The expected response is the entire set of entries, copied exactly.
Records provided Start Marker
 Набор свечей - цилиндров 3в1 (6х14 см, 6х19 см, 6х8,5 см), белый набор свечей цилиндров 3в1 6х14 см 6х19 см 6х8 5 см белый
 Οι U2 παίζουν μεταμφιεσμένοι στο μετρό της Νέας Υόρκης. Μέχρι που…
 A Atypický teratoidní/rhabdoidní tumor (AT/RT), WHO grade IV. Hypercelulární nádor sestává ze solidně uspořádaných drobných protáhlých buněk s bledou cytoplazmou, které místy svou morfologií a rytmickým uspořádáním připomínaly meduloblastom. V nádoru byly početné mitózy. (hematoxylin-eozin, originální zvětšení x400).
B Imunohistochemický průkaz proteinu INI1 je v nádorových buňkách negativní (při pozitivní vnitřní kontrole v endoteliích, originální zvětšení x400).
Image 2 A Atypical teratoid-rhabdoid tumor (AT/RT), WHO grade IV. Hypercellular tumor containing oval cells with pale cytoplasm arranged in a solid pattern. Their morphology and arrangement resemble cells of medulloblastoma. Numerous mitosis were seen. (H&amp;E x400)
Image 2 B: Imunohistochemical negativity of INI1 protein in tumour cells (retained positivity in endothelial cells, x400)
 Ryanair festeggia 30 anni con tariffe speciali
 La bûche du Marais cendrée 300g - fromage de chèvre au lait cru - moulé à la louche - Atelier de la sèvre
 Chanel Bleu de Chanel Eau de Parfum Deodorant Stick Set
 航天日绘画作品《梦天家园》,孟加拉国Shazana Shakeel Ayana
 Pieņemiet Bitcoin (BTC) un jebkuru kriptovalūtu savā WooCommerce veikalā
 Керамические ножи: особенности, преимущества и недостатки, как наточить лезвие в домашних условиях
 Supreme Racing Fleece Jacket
Records provided End Marker
#### Answer section:
 Набор свечей - цилиндров 3в1 (6х14 см, 6х19 см, 6х8,5 см), белый набор свечей цилиндров 3в1 6х14 см 6х19 см 6х8 5 см белый
 Οι U2 παίζουν μεταμφιεσμένοι στο μετρό της Νέας Υόρκης. Μέχρι που…
 A Atypický teratoidní/rhabdoidní tumor (AT/RT), WHO grade IV. Hypercelulární nádor sestává ze solidně uspořádaných drobných protáhlých buněk s bledou cytoplazmou, které místy svou morfologií a rytmickým uspořádáním připomínaly meduloblastom. V nádoru byly početné mitózy. (hematoxylin-eozin, originální zvětšení x400).
B Imunohistochemický průkaz proteinu INI1 je v nádorových buňkách negativní (při pozitivní vnitřní kontrole v endoteliích, originální zvětšení x400).
Image 2 A Atypical teratoid-rhabdoid tumor (AT/RT), WHO grade IV. Hypercellular tumor containing oval cells with pale cytoplasm arranged in a solid pattern. Their morphology and arrangement resemble cells of medulloblastoma. Numerous mitosis were seen. (H&amp;E x400)
Image 2 B: Imunohistochemical negativity of INI1 protein in tumour cells (retained positivity in endothelial cells, x400)
 Ryanair festeggia 30 anni con tariffe speciali
 La bûche du Marais cendrée 300g - fromage de chèvre au lait cru - moulé à la louche - Atelier de la sèvre
 Chanel Bleu de Chanel Eau de Parfum Deodorant Stick Set
 航天日绘画作品《梦天家园》,孟加拉国Shazana Shakeel Ayana
 Pieņemiet Bitcoin (BTC) un jebkuru kriptovalūtu savā WooCommerce veikalā
 Керамические ножи: особенности, преимущества и недостатки, как наточить лезвие в домашних условиях
 Supreme Racing Fleece Jacket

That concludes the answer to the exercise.